DATASET SECTION:

########################################

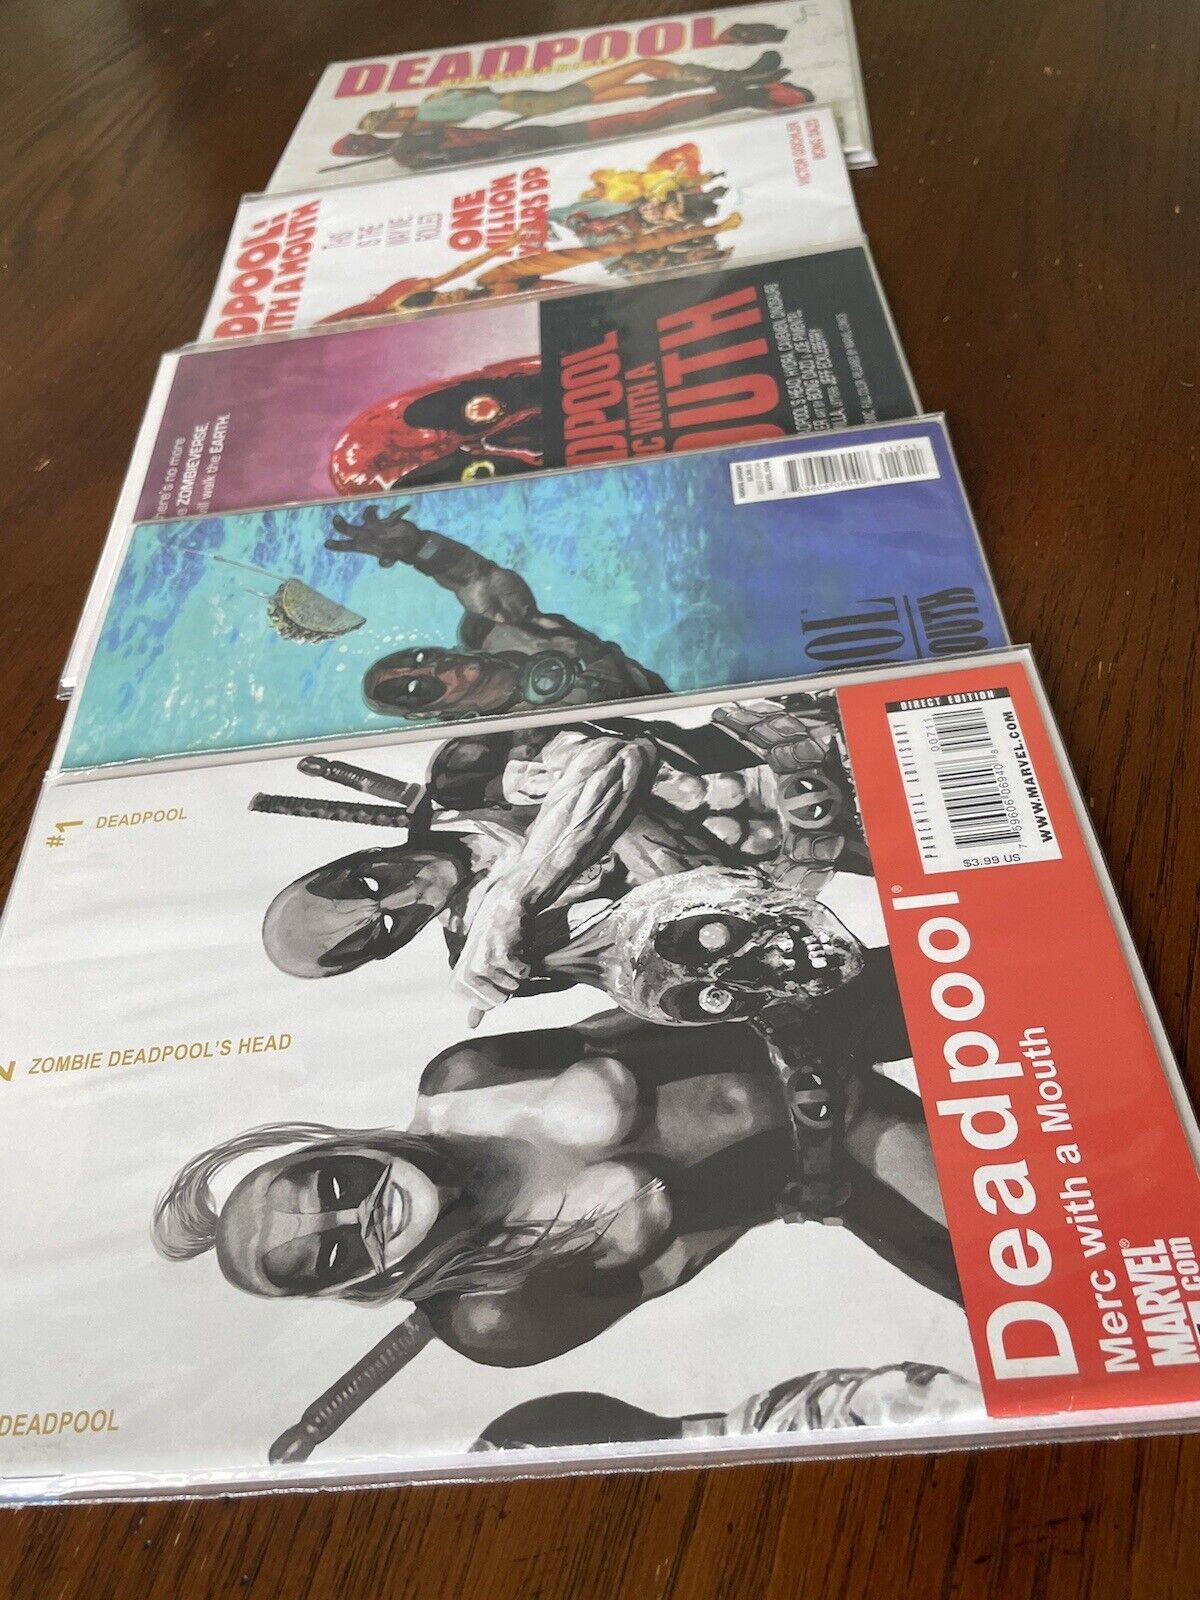 Deadpool Merc with a Mouth #7, 1st Print - First Lady Deadpool + 3, 5, 8, & 12
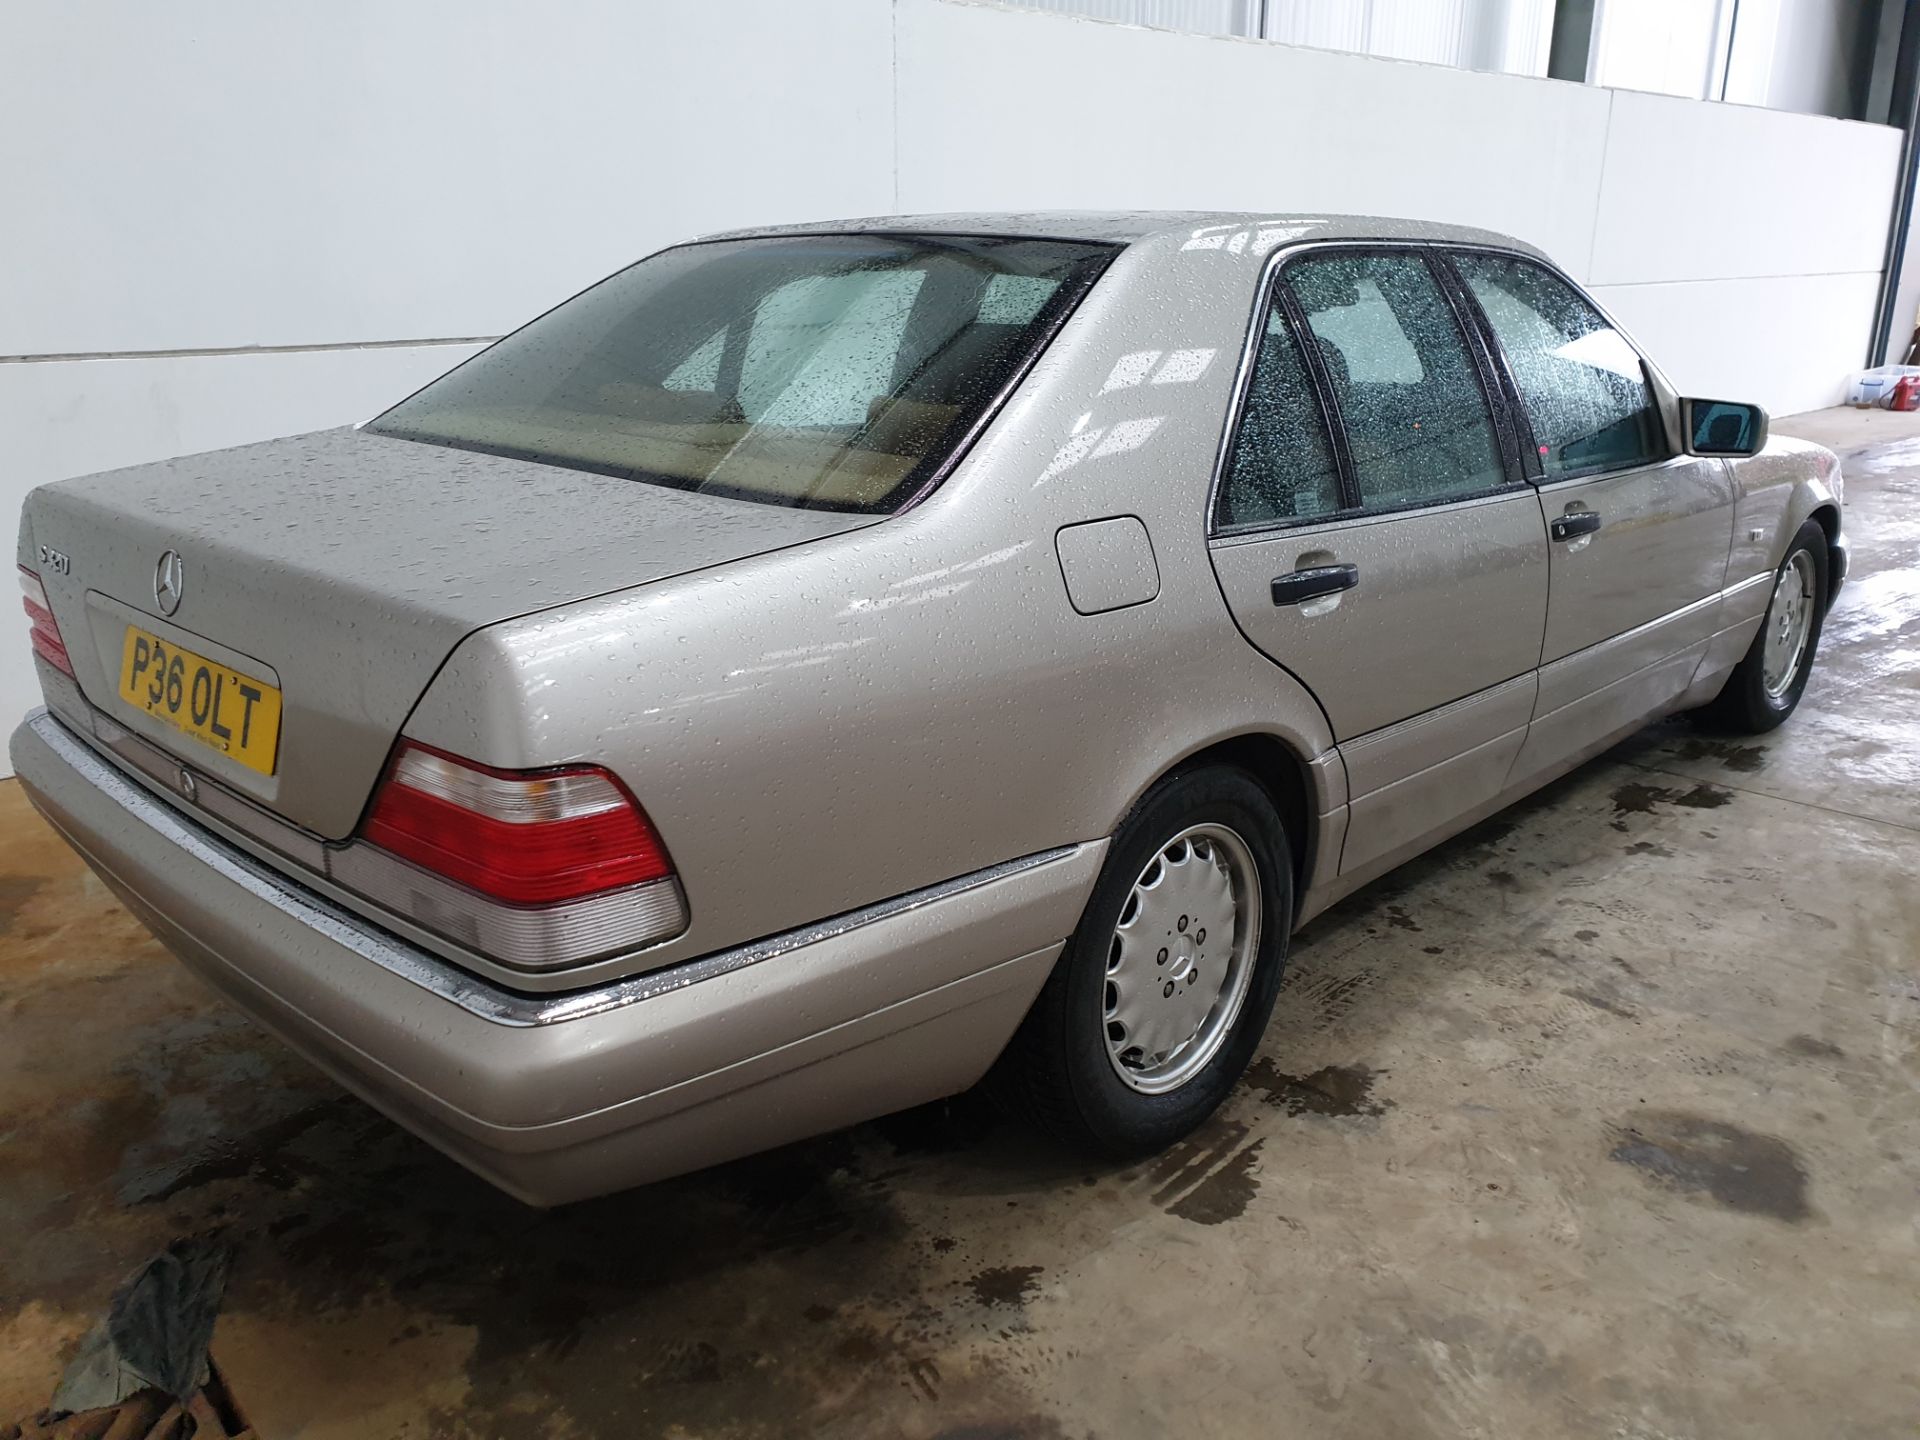 1996 Mercedes S320 - Image 3 of 16
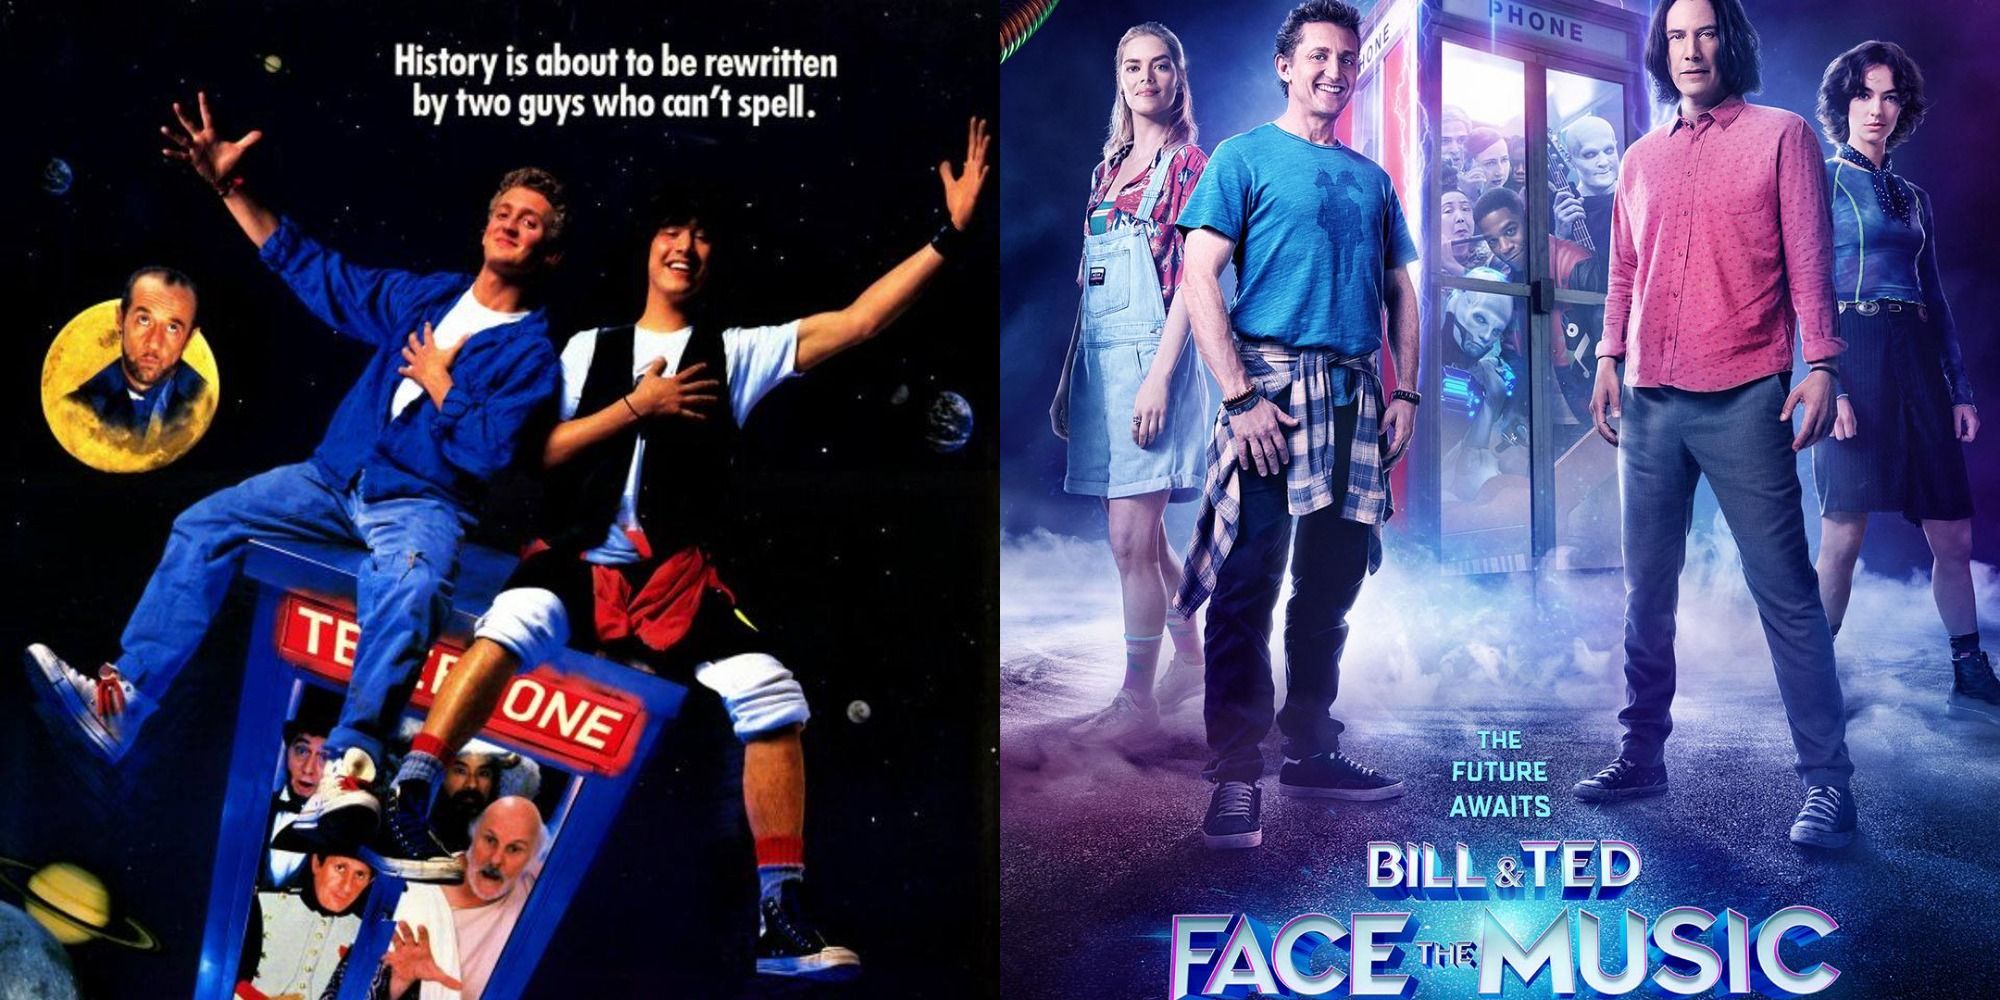 combined posters for Bill and Ted 1 and Face the Music featuring Keanu Reeves and Alex Winter

########################################

GOAL OF THE EXERCISE:
From the first line to the last, copy the listing above exactly and leave out the images.

TASK RESPONSE:
 Deadpool Merc with a Mouth #7, 1st Print - First Lady Deadpool + 3, 5, 8, & 12
 1996 Mercedes S320 - Image 3 of 16
 combined posters for Bill and Ted 1 and Face the Music featuring Keanu Reeves and Alex Winter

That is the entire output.